Task to carry out >> A word-for-word retyping of the listing below is required, with the pictures dropped.

Data >>

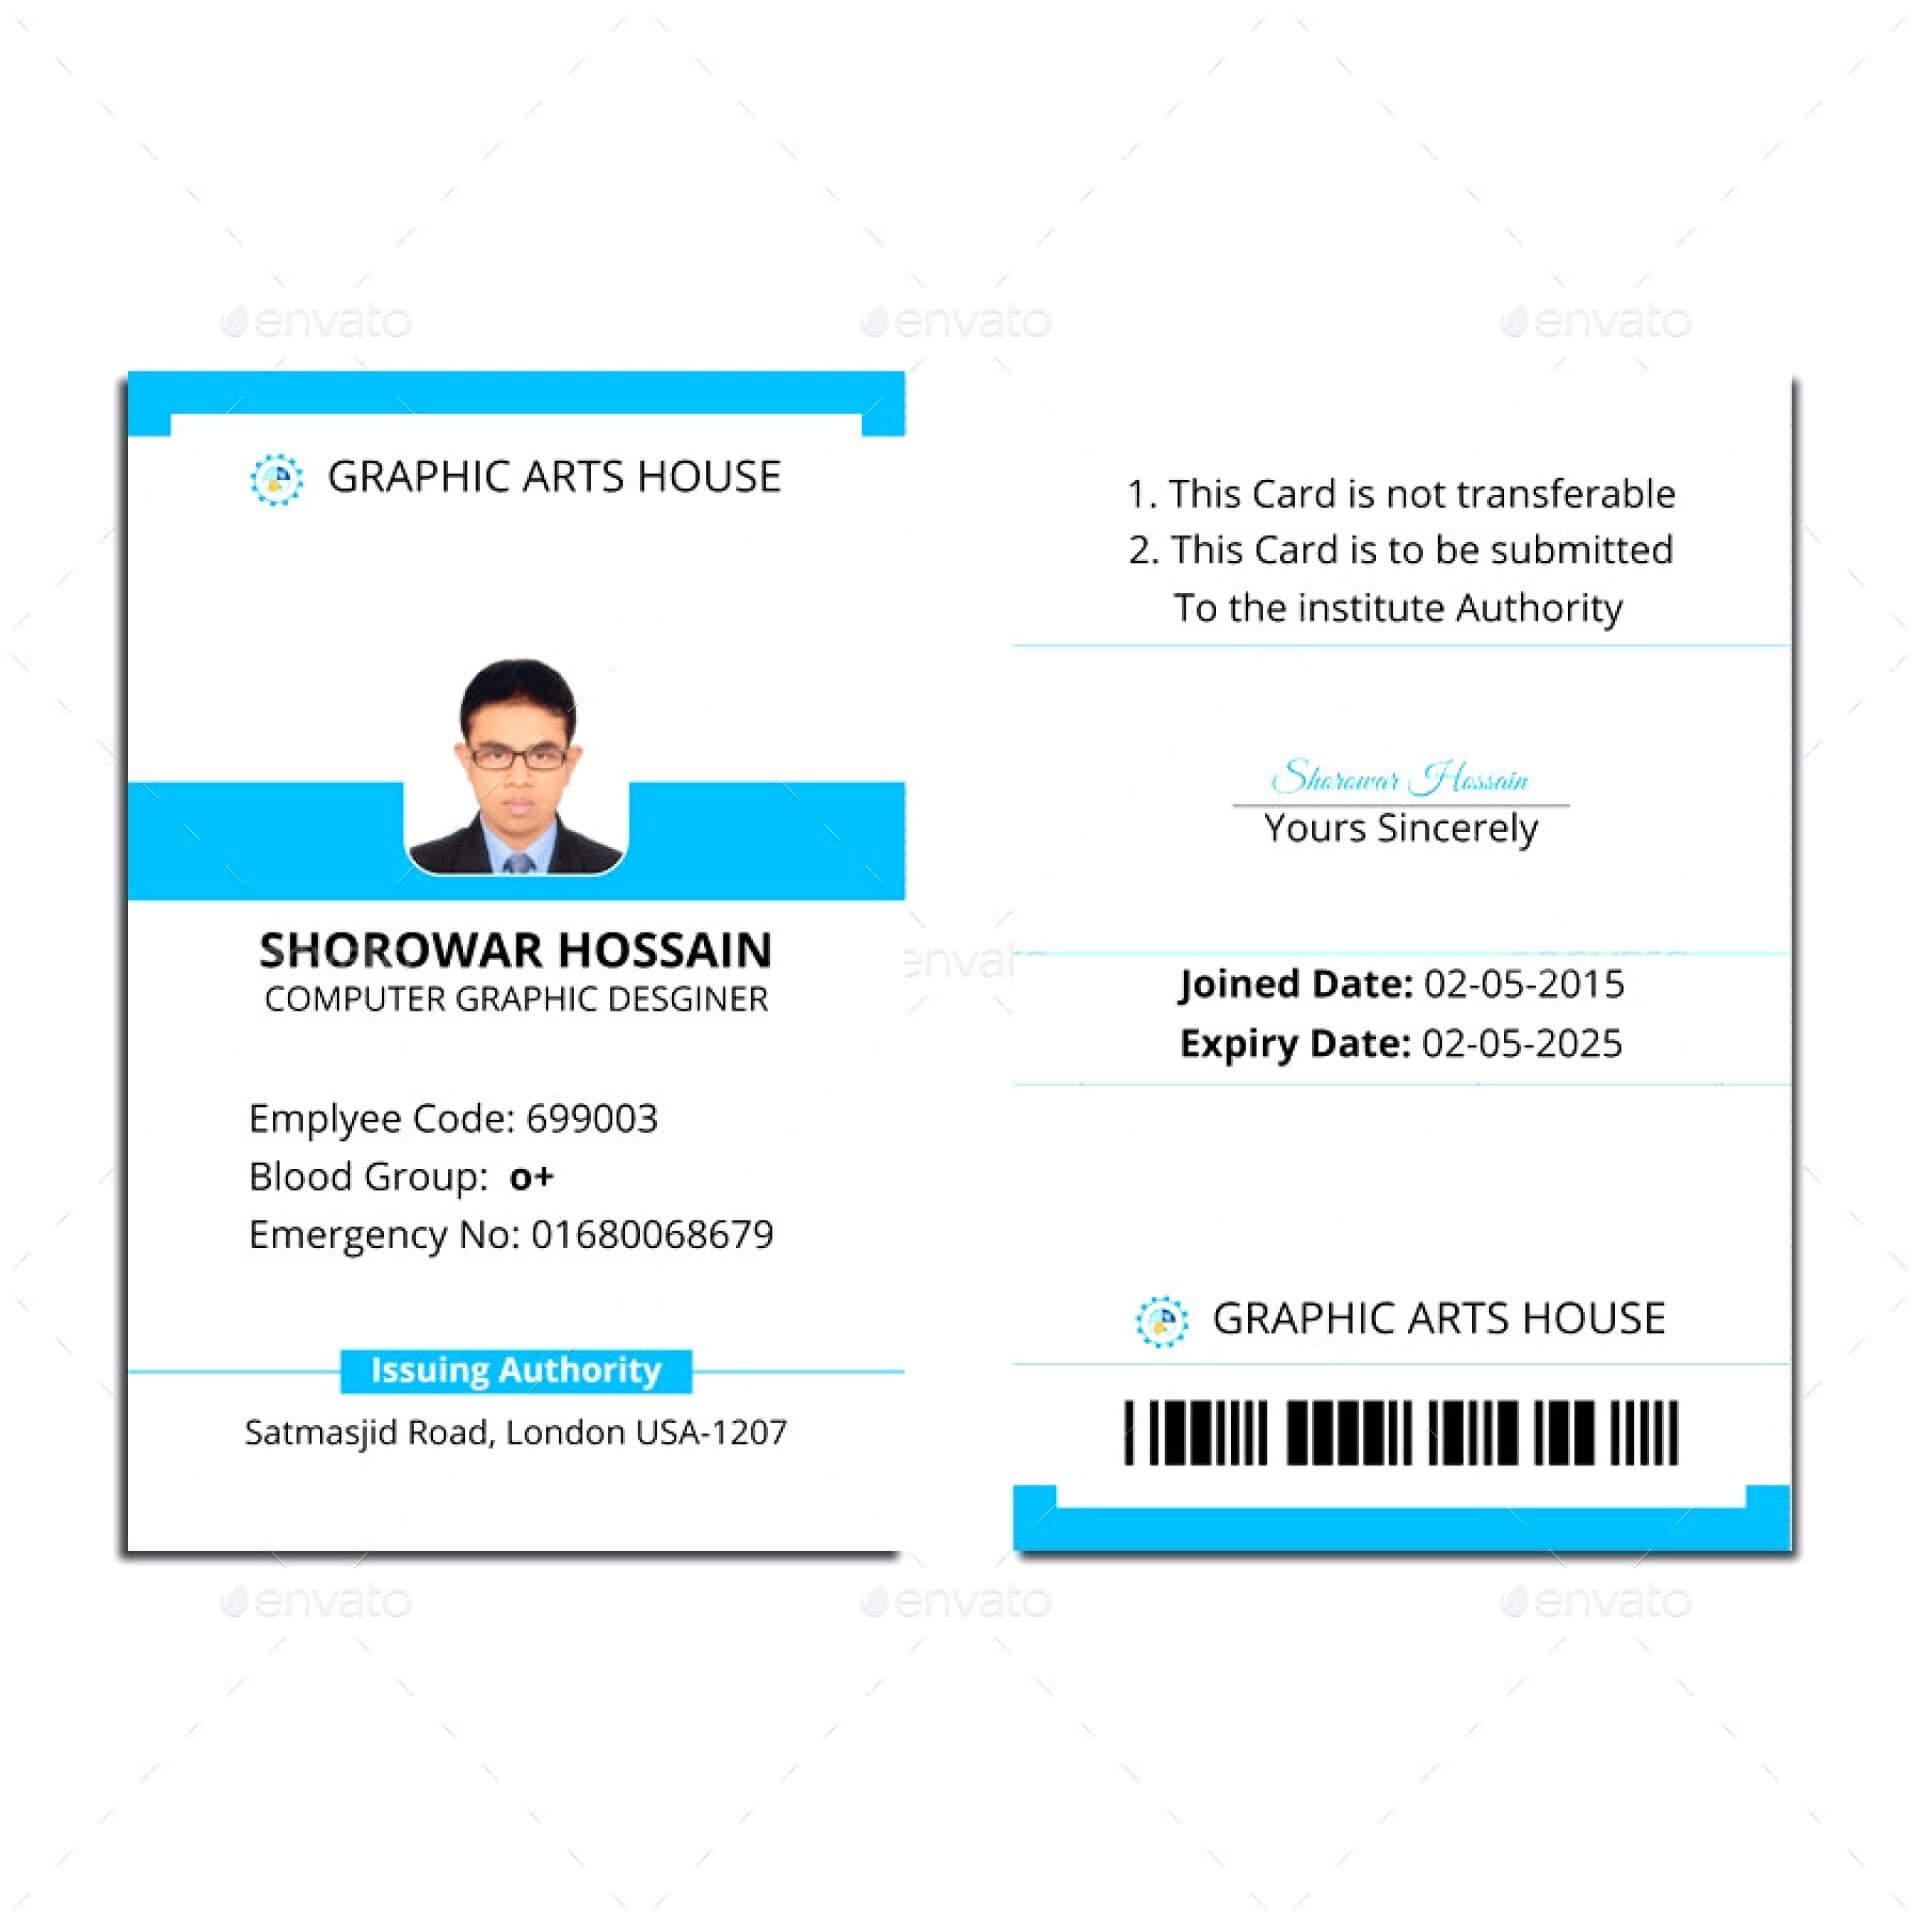 009 Id Badge Template Free Word Card Ideas Unforgettable For Throughout Id Badge Template Word
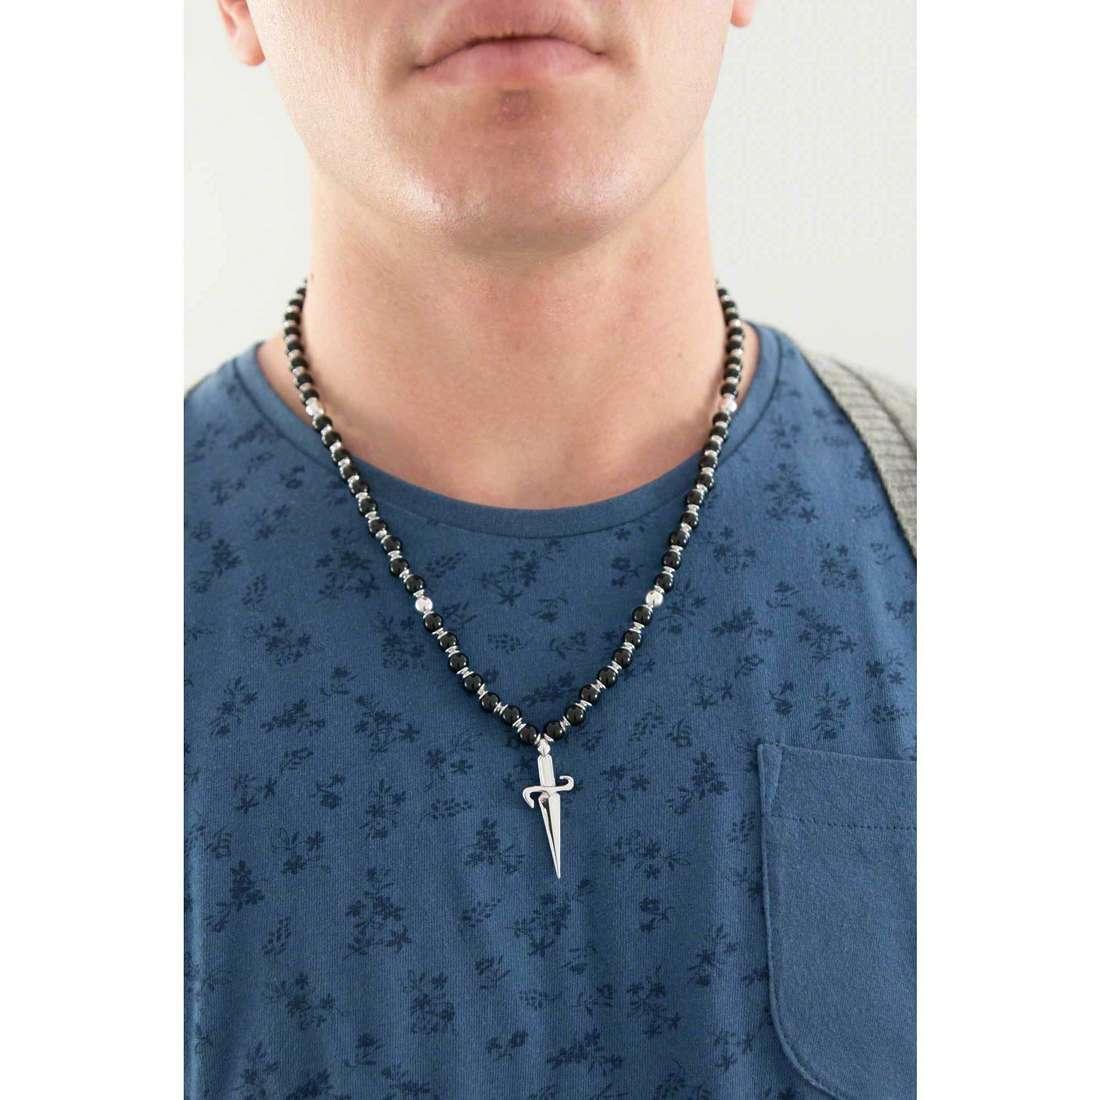 Cesare Paciotti necklaces man JPCL0191B indosso
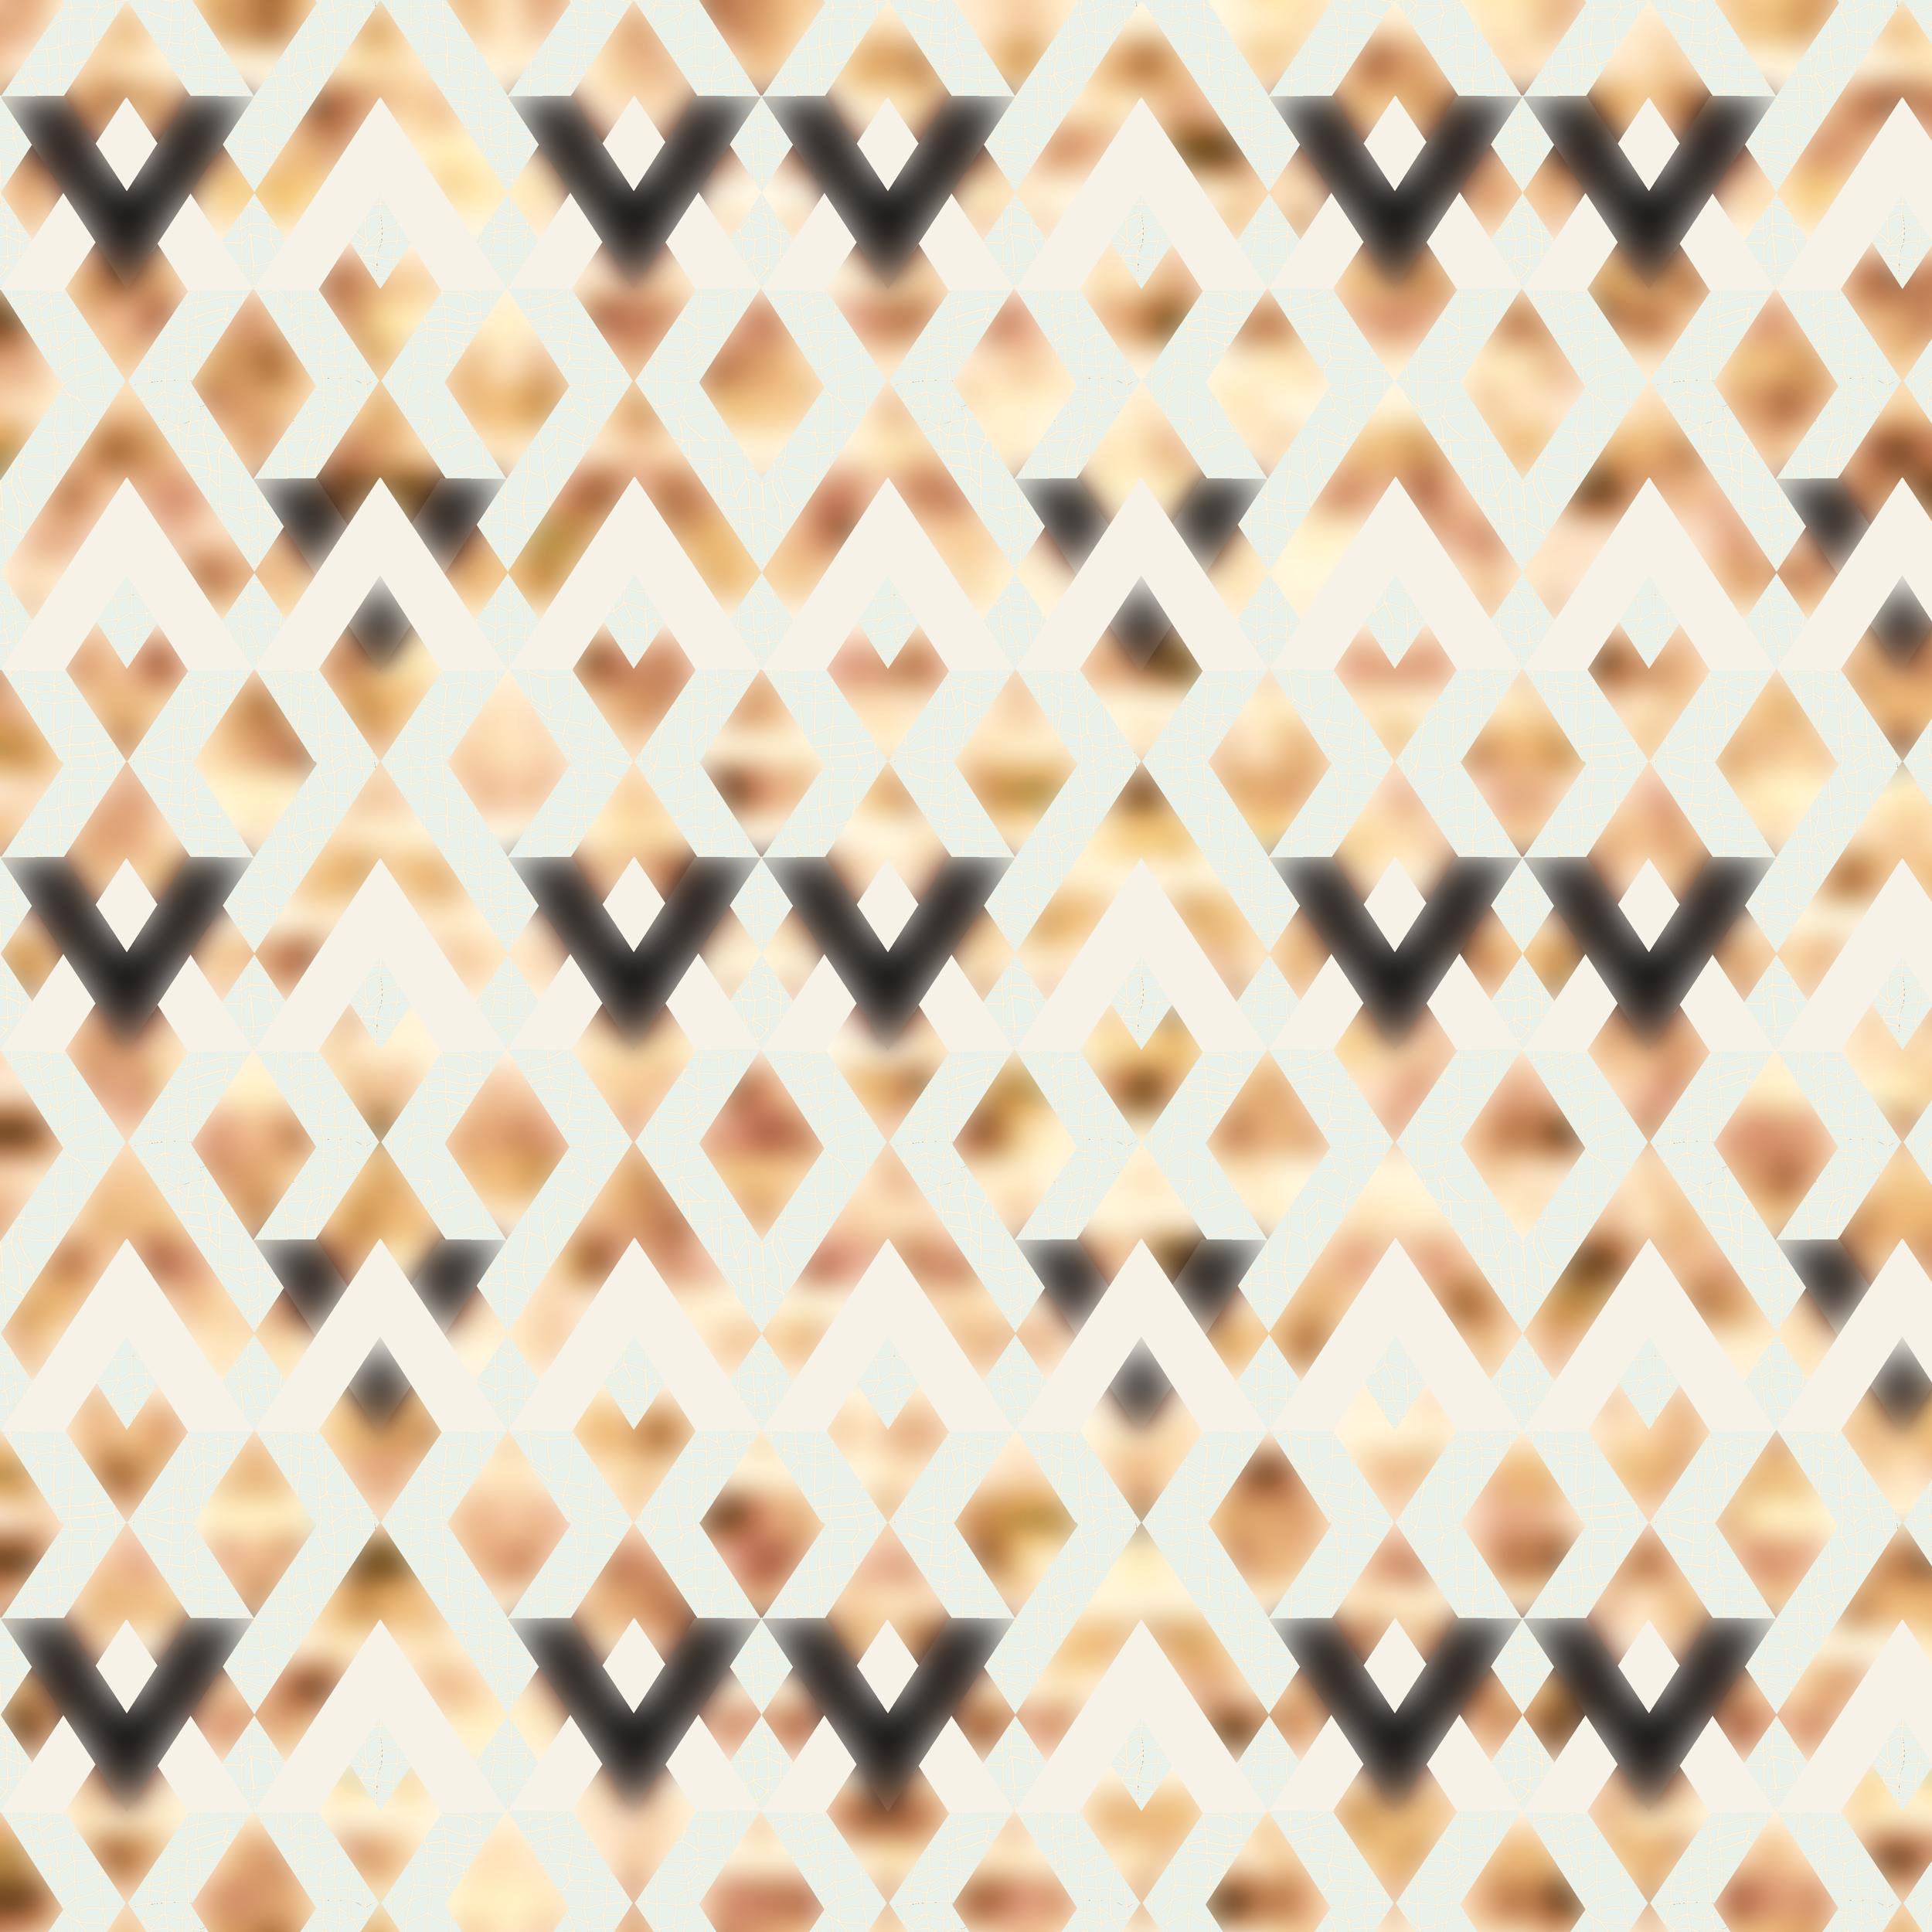 GeometricGiraffe.png

Task output >>
 009 Id Badge Template Free Word Card Ideas Unforgettable For Throughout Id Badge Template Word
 Cesare Paciotti necklaces man JPCL0191B indosso
 GeometricGiraffe.png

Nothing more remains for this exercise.